Jesus descreve Lázaro como “nosso amigo”, demonstrando a proximidade e a importância do relacionamento. Assim como Jesus tinha um vínculo especial com Lázaro, Ele nos chama amigos e deseja estar próximo de nós em todas as circunstâncias da vida.
Jesus declara que a enfermidade de Lázaro não era para morte, mas para a glória de Deus. Muitas vezes, enfrentamos desafios que parecem insuperáveis, mas Deus os usa para revelar Sua glória e fortalecer nossa fé.
Embora Jesus soubesse da gravidade da situação, Ele permaneceu dois dias onde estava. Isso nos ensina que Deus trabalha no tempo perfeito, mesmo quando parece que Ele está atrasado. Ele sempre age com um propósito maior.
Marta, mesmo em meio à dor da perda, expressa fé em Jesus: “Se estivesses aqui, meu irmão não teria morrido.” Sua declaração nos desafia a confiar em Deus, mesmo quando enfrentamos perdas dolorosas.
Jesus faz uma das afirmações mais poderosas do evangelho: “Eu sou a ressurreição e a vida.” Ele nos lembra que, em meio à morte e ao desespero, Ele é a fonte de vida eterna e esperança.
Jesus chorou. Essas duas palavras revelam a profundidade de Seu amor e empatia por aqueles que sofrem. Ele não é indiferente à nossa dor; Ele está conosco em cada momento de sofrimento.
Antes de realizar o milagre, Jesus agradece ao Pai em oração. Isso nos ensina a importância da gratidão e da dependência de Deus em todas as situações, especialmente nos momentos de necessidade.
Com uma simples ordem, Jesus chama Lázaro para fora do túmulo. Isso demonstra o poder absoluto da Palavra de Deus, que pode transformar qualquer situação, por mais impossível que pareça.

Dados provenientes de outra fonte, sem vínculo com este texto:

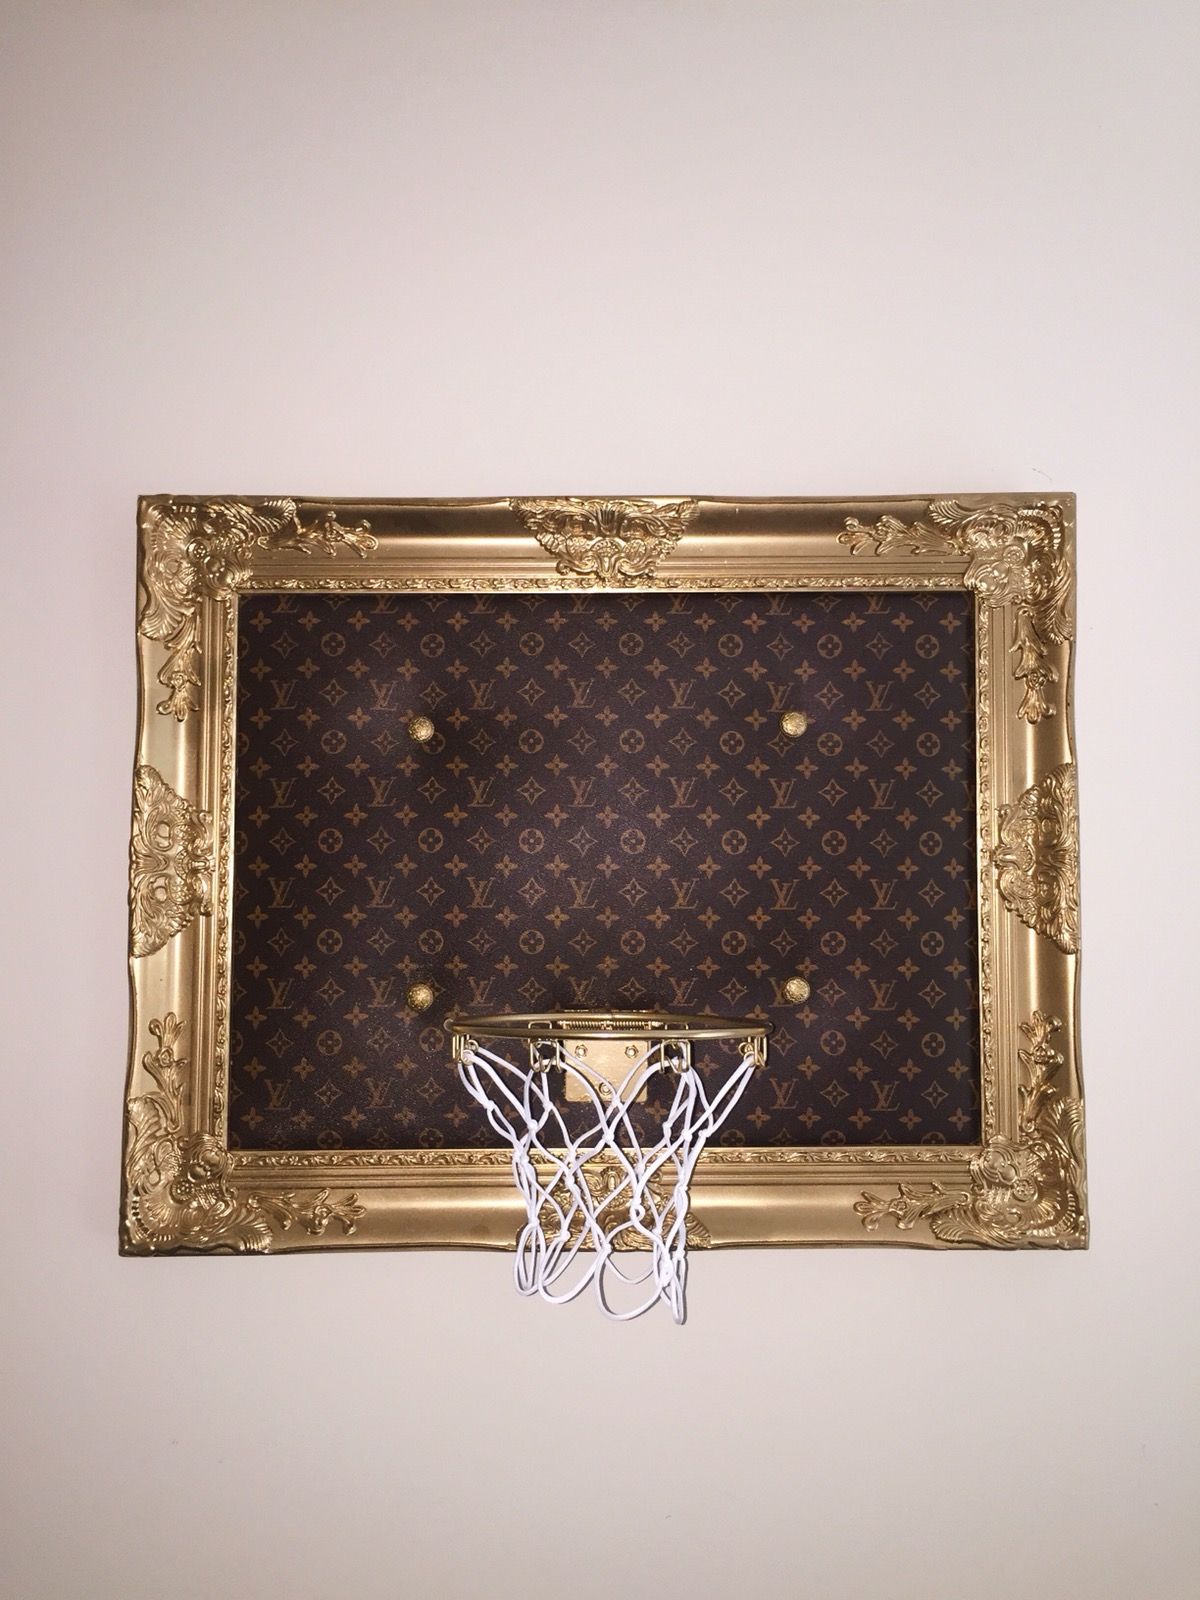 vuitton framed basketball

Jesus diz a Marta: “Se creres, verás a glória de Deus.” Cada milagre é uma oportunidade para que a glória de Deus seja revelada e que nossa fé seja renovada.
Quando Lázaro sai do túmulo, é uma antecipação da vitória final de Jesus sobre a morte na cruz. Em Cristo, temos a certeza de que a morte não é o fim, mas o início de uma nova vida com Deus.
A história de Lázaro nos ensina que Jesus está presente em nossa dor, trabalha em Seu tempo perfeito, e tem poder para transformar qualquer situação. Ele nos chama a confiar n’Ele como a ressurreição e a vida, e a crer que, mesmo nas adversidades, Deus está revelando Sua glória.